高コストのため、多くのユーザーは無料または安価なモデルを選択せざるを得ないが、それはOpenClawの実力に影響を与える。あるユーザーは、「コストの関係でQwen-8Bを選んだが、OpenClawは質問には答えるが操作はしない」と不満を漏らす。

さらに、最も懸念されるのは安全リスクだ。OpenClawは「作業」用であり、「チャット」ではないため、高いシステム権限を必要とし、ローカルのファイルやアプリを操作できる。

シスコのAI脅威調査・安全チームの責任者・Amy Changは、「安全面から見れば、OpenClawは『悪夢』だ。シェルコマンドの実行やファイルの読み書き、スクリプトの実行を任意に行えるため、誤設定や悪意ある指示による被害は計り知れない」と警告する。

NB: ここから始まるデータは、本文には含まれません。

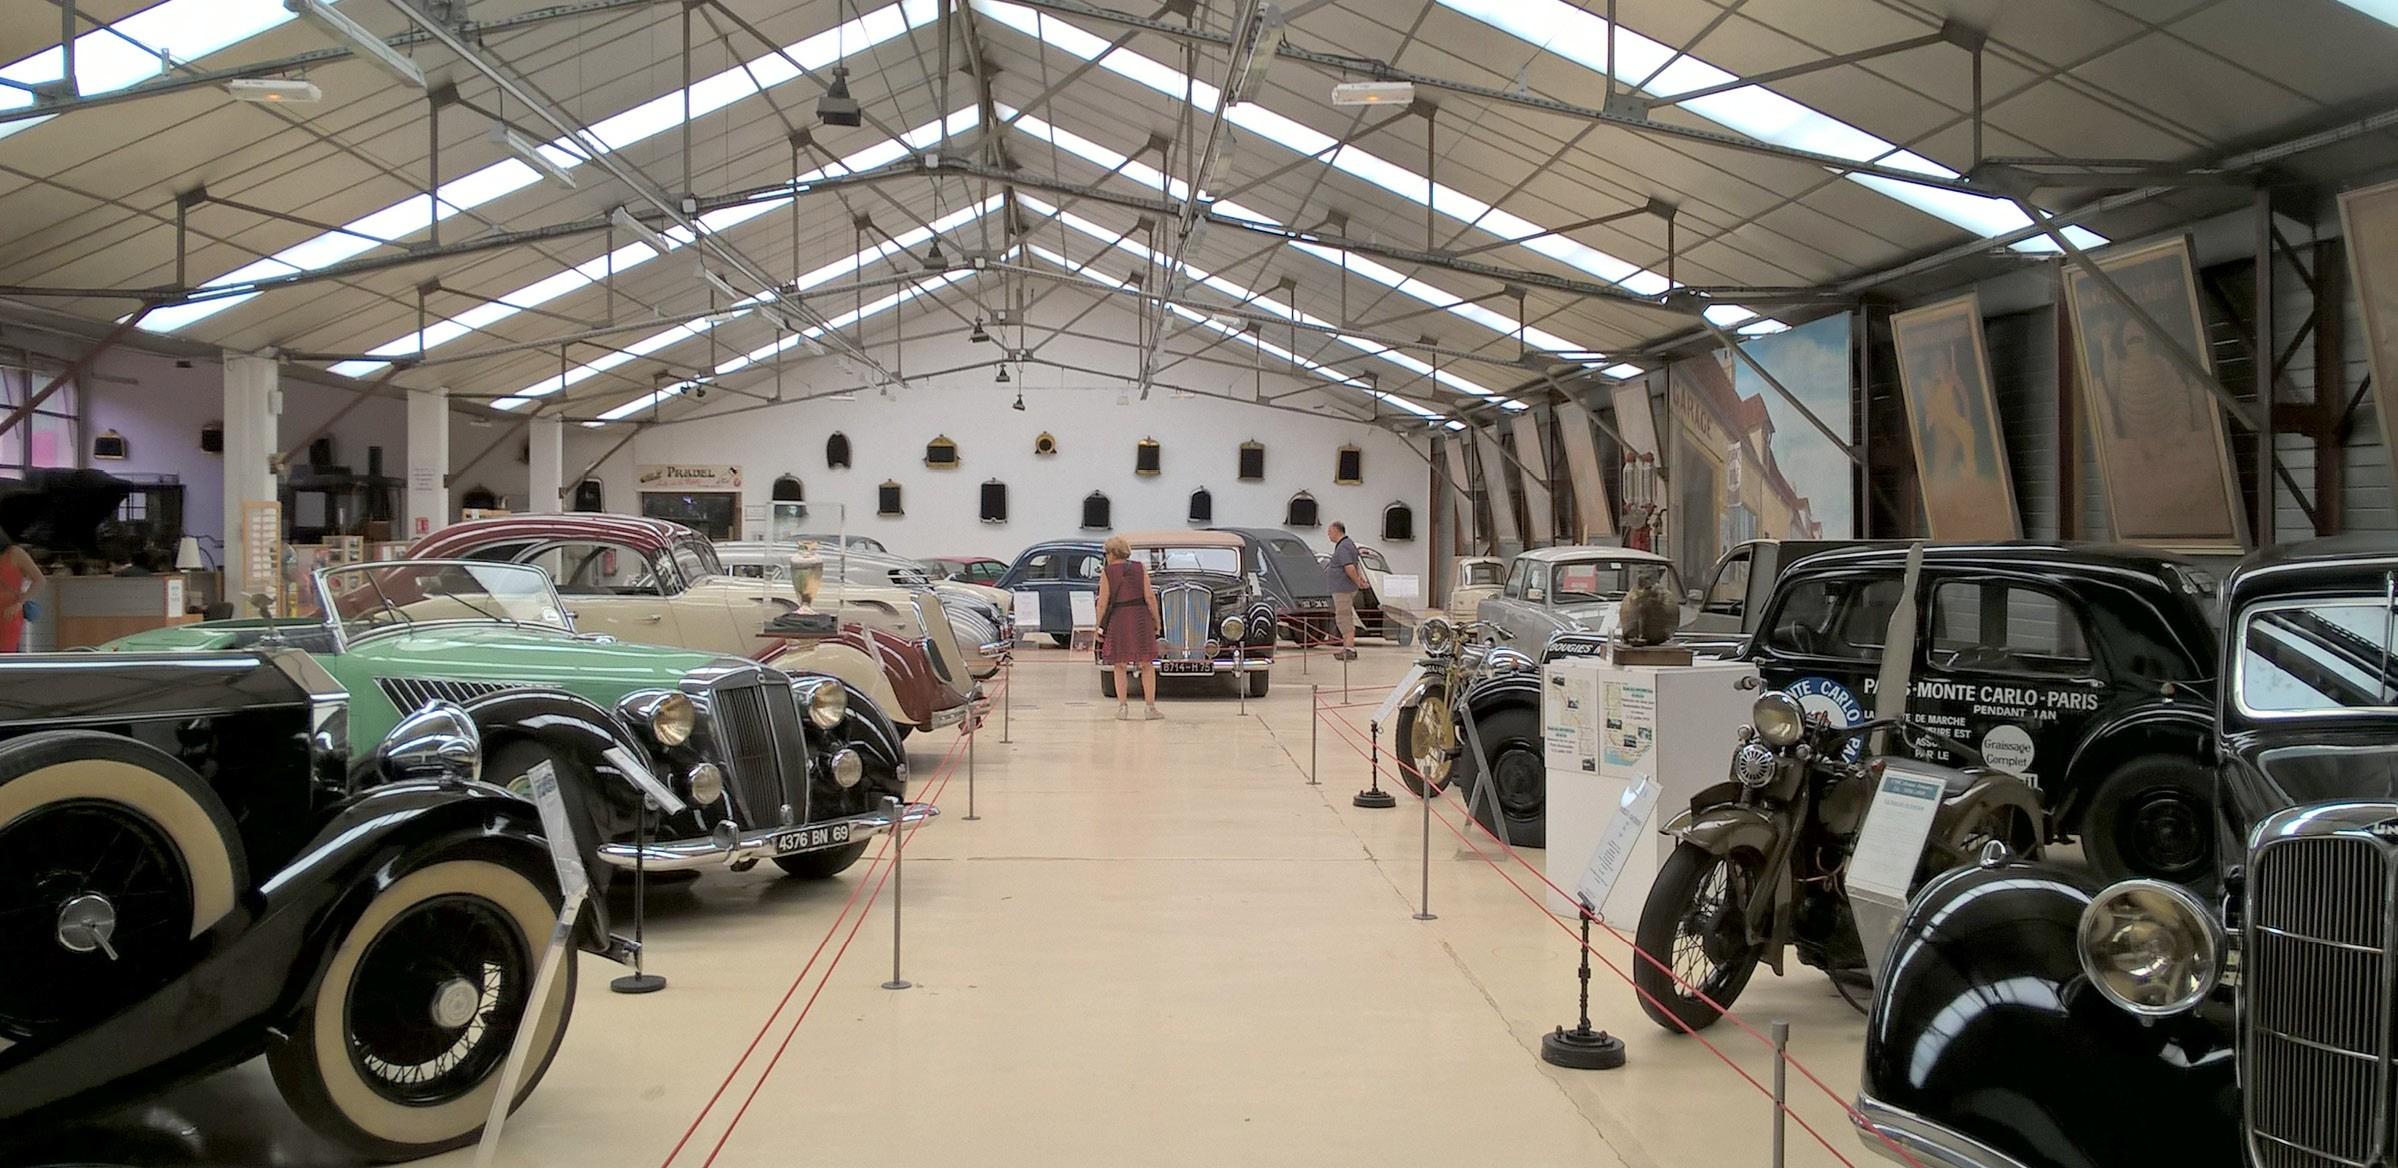 musee-henri-malartre-automobile-lyon15

ネットセキュリティ企業Dvulnの創設者・Jamieson O’Reillyも、「OpenClawには脆弱性があり、攻撃者はこれを悪用して数か月分の個人メッセージやアカウント情報、APIキーなどの敏感情報を盗み出すことができる」と指摘。さらに、ユーザーが便利さのために保存した銀行口座や暗号資産ウォレットのAPI情報も、平文でローカルに保存されている可能性があり、ハッカーに侵入されれば「一瞬で資産を奪われる危険性がある」と述べている。

OpenClawの開発者・Peter Steinbergerも、「これはあくまで無料のオープンソースのアマチュアプロジェクトであり、安全確保にはユーザーの詳細な設定が必要だ」と語る。彼は、「非技術者には適さない」と明言している。